In our study we found that (1) chromosomal changes such as gains of chromosomes 7 and 17 and loss of Y chromosome may be found in non-neoplastic tissue of the end-stage kidney diseases and (2) these chromosomal abnormalities tend to have a multifocal occurrence.

Tumors in ESKD have been extensively studied by Hughson et al. The authors have proposed that papillary RCC is the most frequent type of renal cell carcinoma found in these patients. Moreover, the genetic changes of these tumors are similar to those seen in sporadic cases [79]. Specific and probably new types of renal tumors occurring in the setting of ESKD have recently been published. The typical features of these tumors are a frequent papillary pattern, presence of oxalate crystals, and clear to eosinophilic cytoplasm [18, 19]. We were not able to find similar tumors in our series of patients. Moreover, no significant amount of oxalate deposits was present in the kidney parenchyma in our cases.

There is no reference in the literature on premalignant lesions in ESKD. Precursors of sporadic RCC in non-atrophic kidney have been described by Mourad et al., who examined non-neoplastic tissue surrounding RCC (mainly clear RCC and sarcomatoid NOS RCC) and found dysplastic changes located mainly in the cortex or in a periglomerular distribution. However, the authors found intratubular epithelial dysplasia in 30 out of 110 patients with RCC [15].

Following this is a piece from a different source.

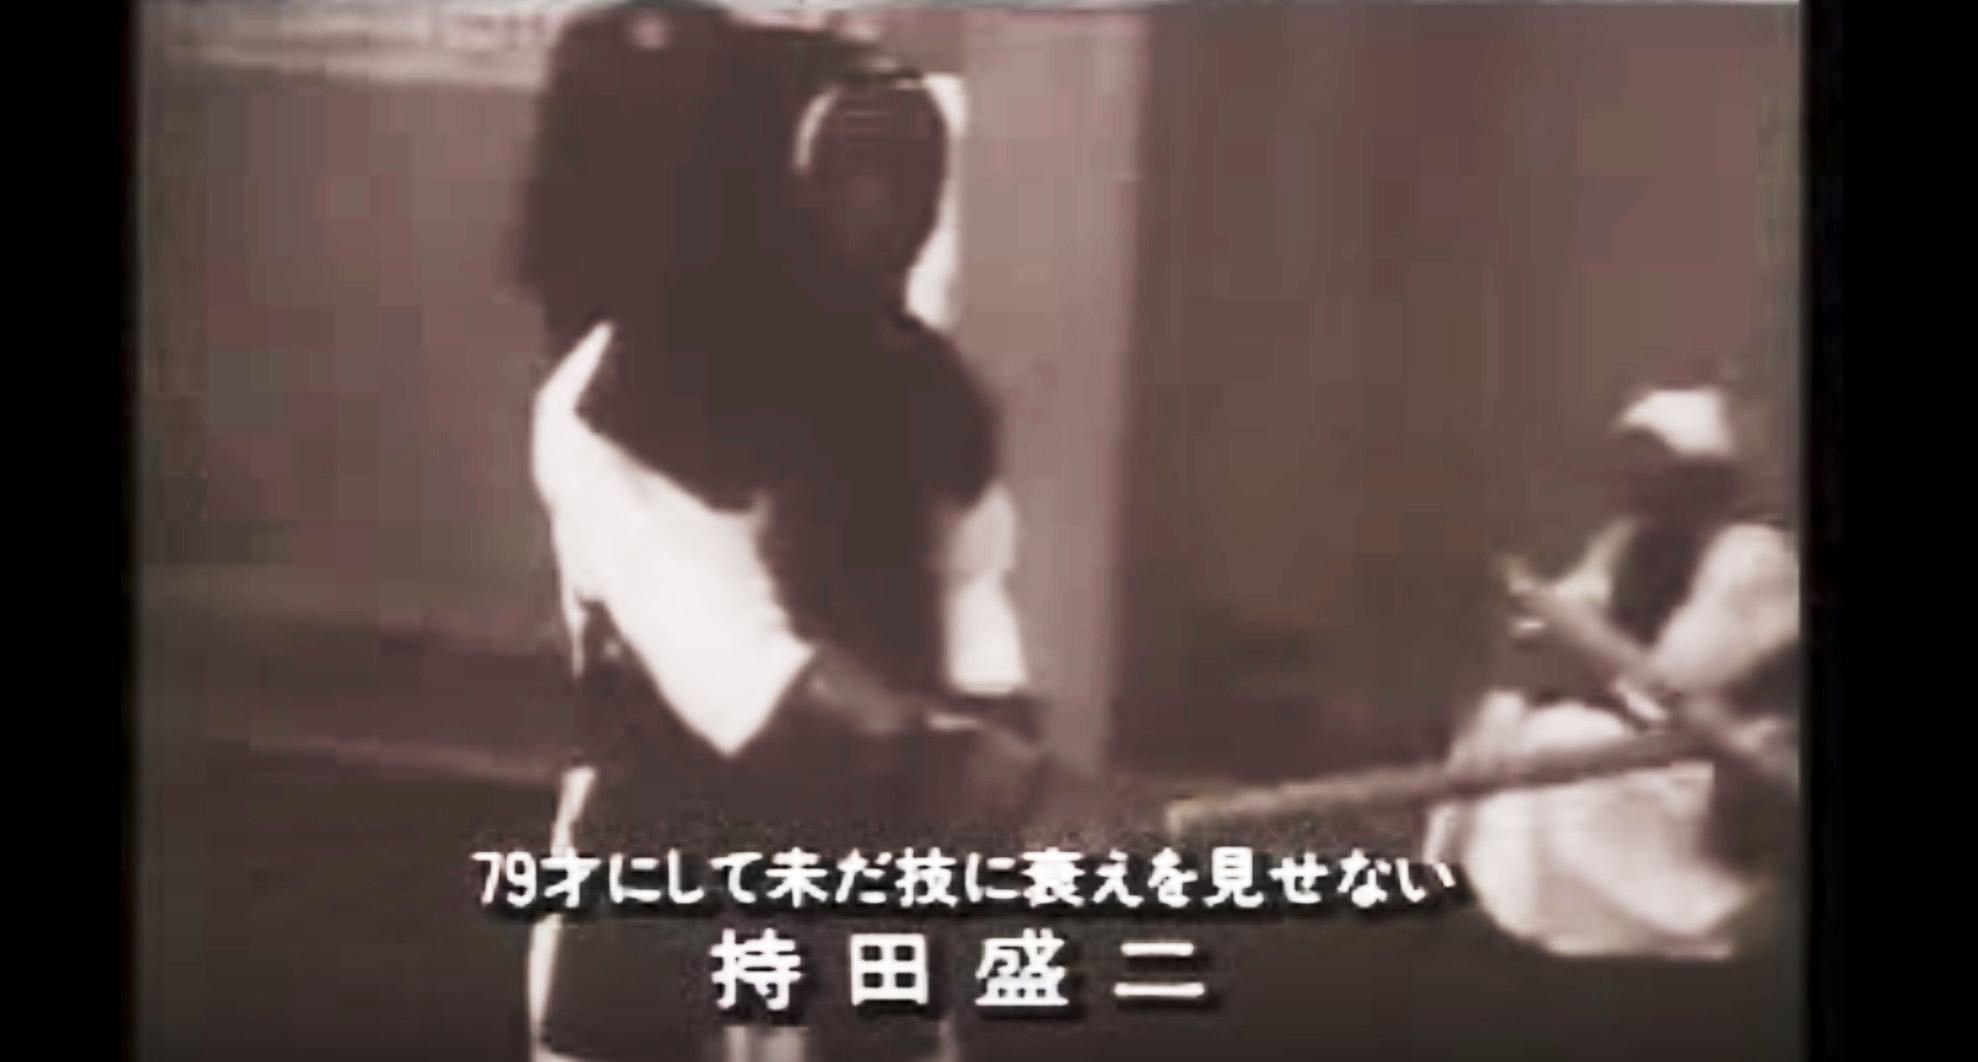 「昭和の剣聖」持田盛二十段。79歳でも衰えない動作が凄い!外国人「本物のジェダイだ、、」

Similar findings have been published recently. Dysplastic changes in normal kidneys have been identified in 23% of the kidneys harboring RCC. Dysplastic changes were focal and located adjacent to the tumor mass in ten cases, whereas a diffuse distribution was a rare finding [20]. On the contrary, tubular changes in our series were always multifocal with a haphazard distribution spread within the entire atrophic parenchyma.

A study dealing with chromosomal changes in tubular abnormalities in clear RCC has been published recently. Premalignant lesions and tumor tissues in this study had the same genotypic changes (LOH or microsatellite instability) in more than 85% [16].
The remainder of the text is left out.